Figure 2: Effects of architectures on metabolic cost and robustness of the response for the Spo0 phosphorelay of Bacillus subtilis and the Sln1 phosphorelay of Saccharomyces cerevisiae.
In all cases, the protein amounts of the alternative architectures were optimized to make the steady state signal-response curves be as similar as possible (see methods). A and B to the Spo0 phosphorelay. C and D pertain to the Sln1 phosphorelay. (A, C) Cost of synthesizing the circuit under different architectures. X–axis: PR architecture. Y–axis: total metabolic cost of the circuit proteins (arbitrary units). (B, D) Normalized sensitivity of the steady state concentration of the final response regulator to changes in parameters. X–axis: PR architecture. Y–axis: euclidean norm of the sensitivities vector of the response regulator.Spo0 System | ||
---|---|---|
Architecture | Type of signal | |
Inducing Phosphorylation 8000 simulations | Inducing Dephosphorylation 8000 simulations | |
M1 (Cognate) | 0.5 | 34.3 |
M2 | 6.7 | 18.3 |
M2′ | 2.7 | 6.1 |
M3 | 4.4 | 4.6 |
M4 (optimal) | 85.7 | 36.6 |
Sln1 System | ||
---|---|---|
Architecture | Type of signal | |
Inducing Phosphorylation 8000 simulations | Inducing Dephosphorylation 8000 simulations | |
M1 | 0 | 100 |
M2 (Cognate) | 30.9 | 0 |
M2′ | 5.3 | 0 |
M3 | 10.5 | 0 |
M4 (Optimal) | 53.3 | 0 |
Figure 3: (A-B) Effects of alternative architectures in the transmission of information through the Spo0 phosphorelay of Bacillus subtilis.

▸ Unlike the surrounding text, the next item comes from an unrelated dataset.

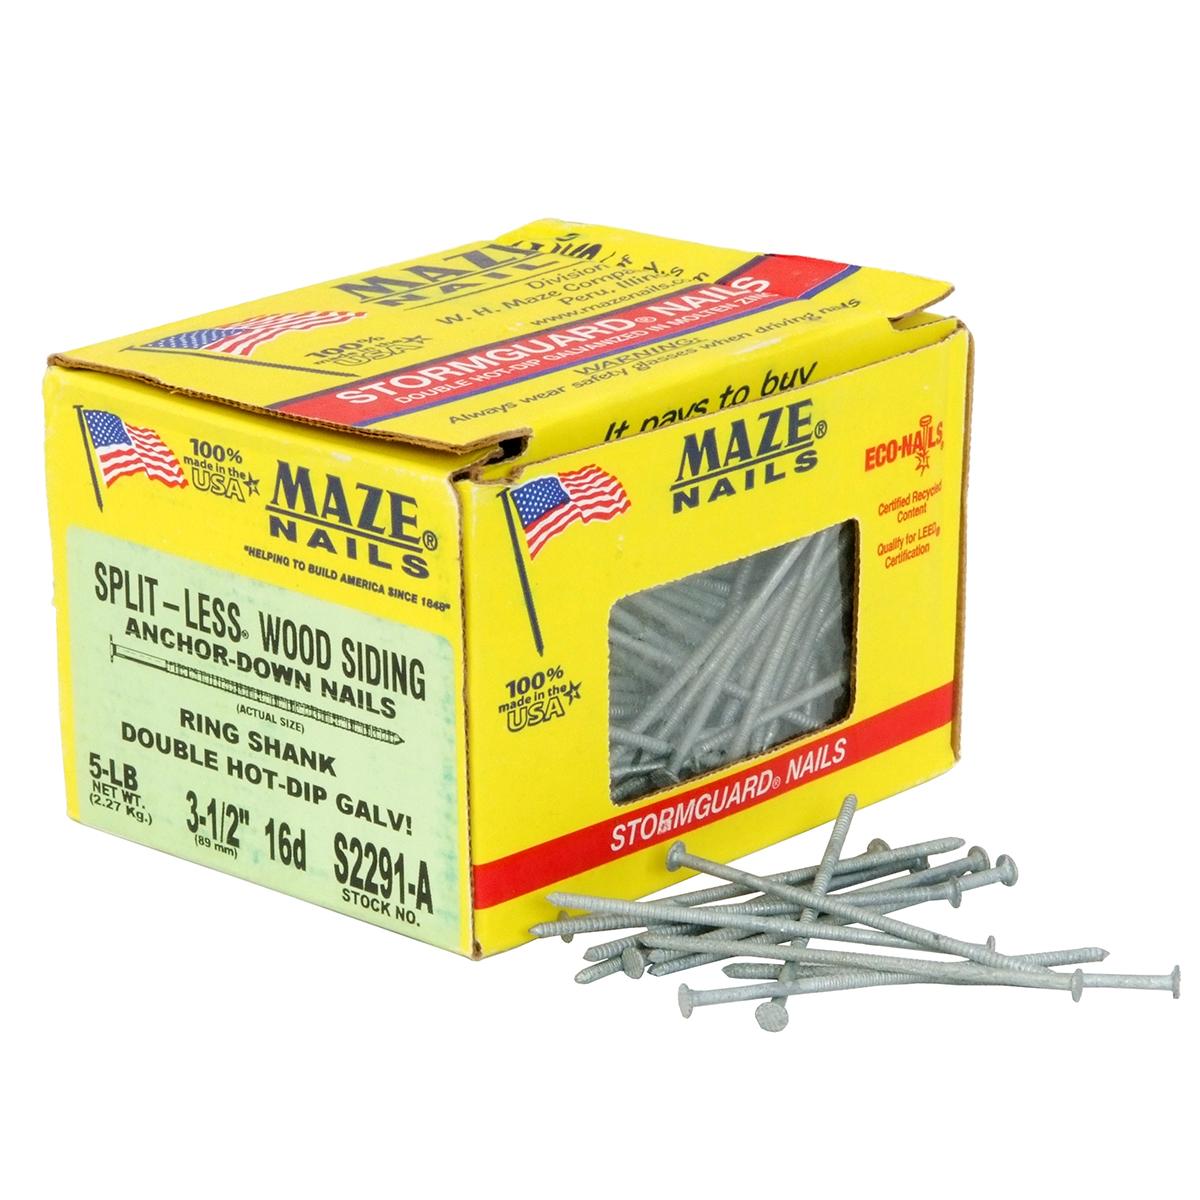 Maze Split Less 3 1 2 Quot Wood Siding Nails 5lb Box

In all cases, the protein amounts of the alternative architectures were optimized to make the steady state signal-response curves be as similar as possible. The Y-axis represents the accumulated mutual information over a range of six orders of magnitude for the self-dephosphorylation rate constant of kinA between variations in the number of phosphorylated kinA molecules and that of phosphorylated Spo0E molecules. kKinA→KinA−P represents modulation of the kinA phosphorylation rate, while kSpo0A→Spo0A−P represents modulation of SpoA dephosphorylation. Architecture M1 transmits the most information for comparable parameter values.The Sln1/Ypd1/Ssk1 and Sln1/Ypd1/Skn7 phosphorelays of Saccharomyces cerevisiae
S. cerevisiae uses a PR with architecture M2 to sense changes in the osmolarity of the medium and regulate its internal metabolism and membrane composition, adapting to those changes. The hybrid sensor kinase Sln1 senses changes in membrane curvature and ultimately modulates the phosphorylation state of the terminal response regulators Ssk1 and Skn7. Phosphorylation of Ssk1 acts as a molecular switch in controlling the yeast’s osmosensing mitogen-activated protein (MAP) kinase cascade (Janiak-Spens, Cook & West, 2005), while phosphorylation of Skn7 directly affects the transcription of SLN1-SKN7-responsive genes (Fassler & West, 2013). Skn7 is also involved in regulating heat shock response in a Sln1-Ypd1 independent way (Fassler & West, 2013). Reliable kinetic parameter values and protein abundances are available for this PR.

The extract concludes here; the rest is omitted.